Weinstock died on Monday, Nov. 22 at age 91, according to People magazine. A representative told the publication the famous designer died “peacefully in her home in Tribeca, surrounded by her loving family.”

Weinstock had been credited with revolutionizing the wedding cake industry, insisting the cakes taste as good as they look. Though she made cakes in shapes as varied as a Bentley automobile or Masada (“replete with an edible replica of the salty Dead Sea at its base,” according to the Times of Israel), Weinstock became most famous for her realistic floral designs. “What made her work really stand out was her incredible attention to detail,” reads the People obituary. “She learned to create her signature flowers by deconstructing real blooms, petal-by-petal, painstakingly reforming them in sugar dough by hand.”

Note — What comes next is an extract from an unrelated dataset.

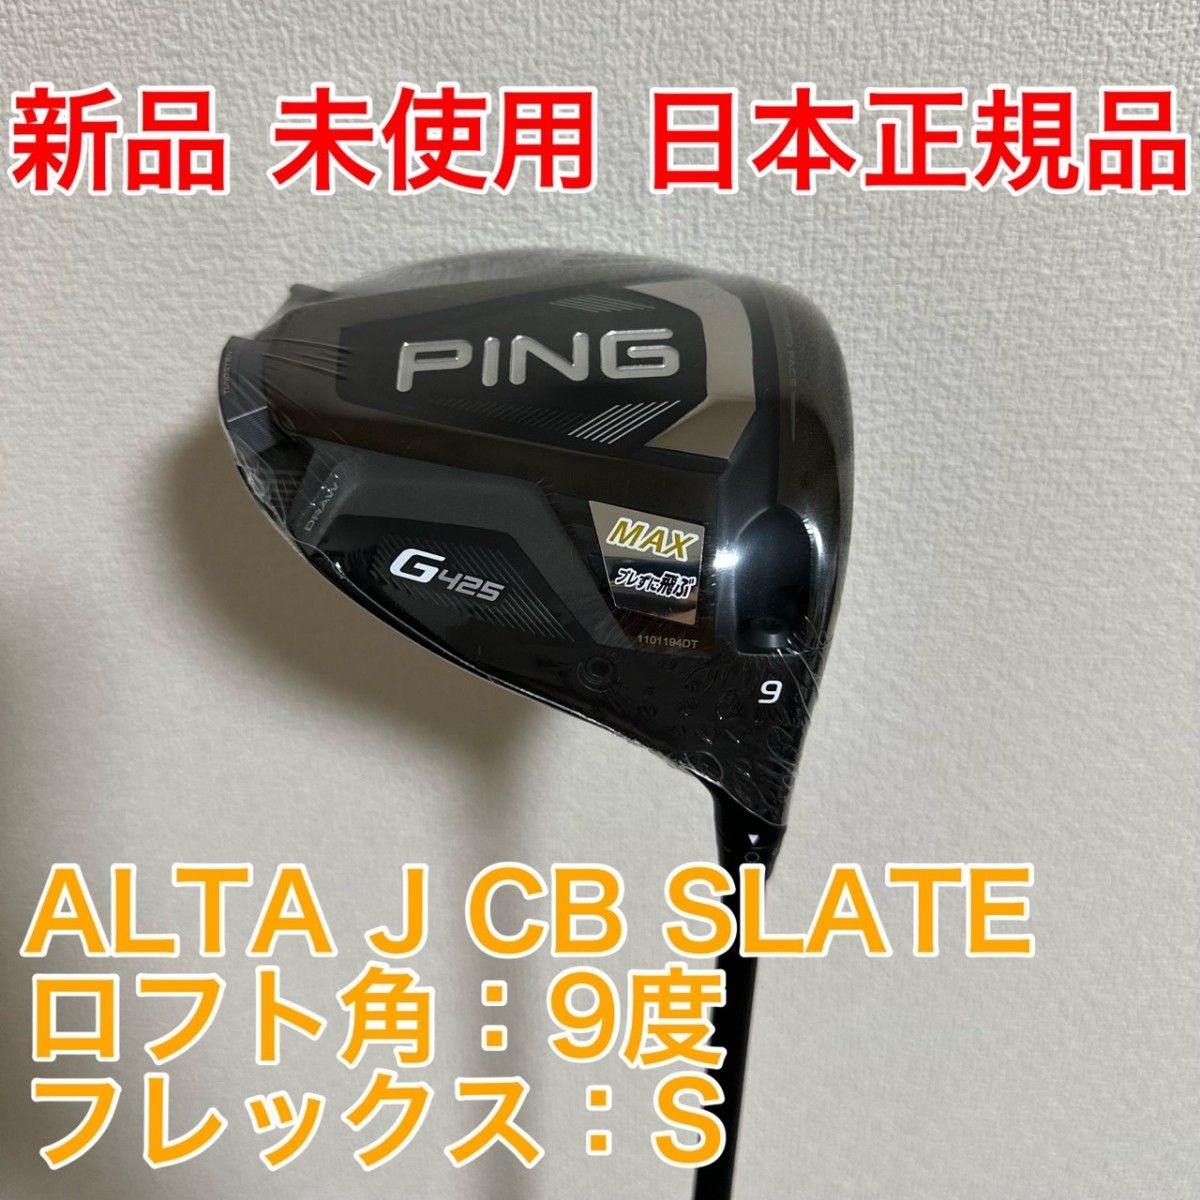 【残り1点】新品 未使用 PING G425 MAX ドライバー ALTA J CB SLATE

It’s a remarkable journey for someone whose own Jewish wedding featured a store-bought honey cake. “We were poor, college kids,” Weinstock told The New York Times in 2019 about her 1949 wedding to Ben Weinstock. “We got married at a Jewish seminary in Manhattan in front of 20 people,” referring to the Jewish Theological Seminary. The couple was married for 69 years; Ben, an attorney, died in 2018 at the age of 93.

This story is part of JTA’s coverage of New York through the New York Jewish Week. To read more stories like this, sign up for our daily New York newsletter here.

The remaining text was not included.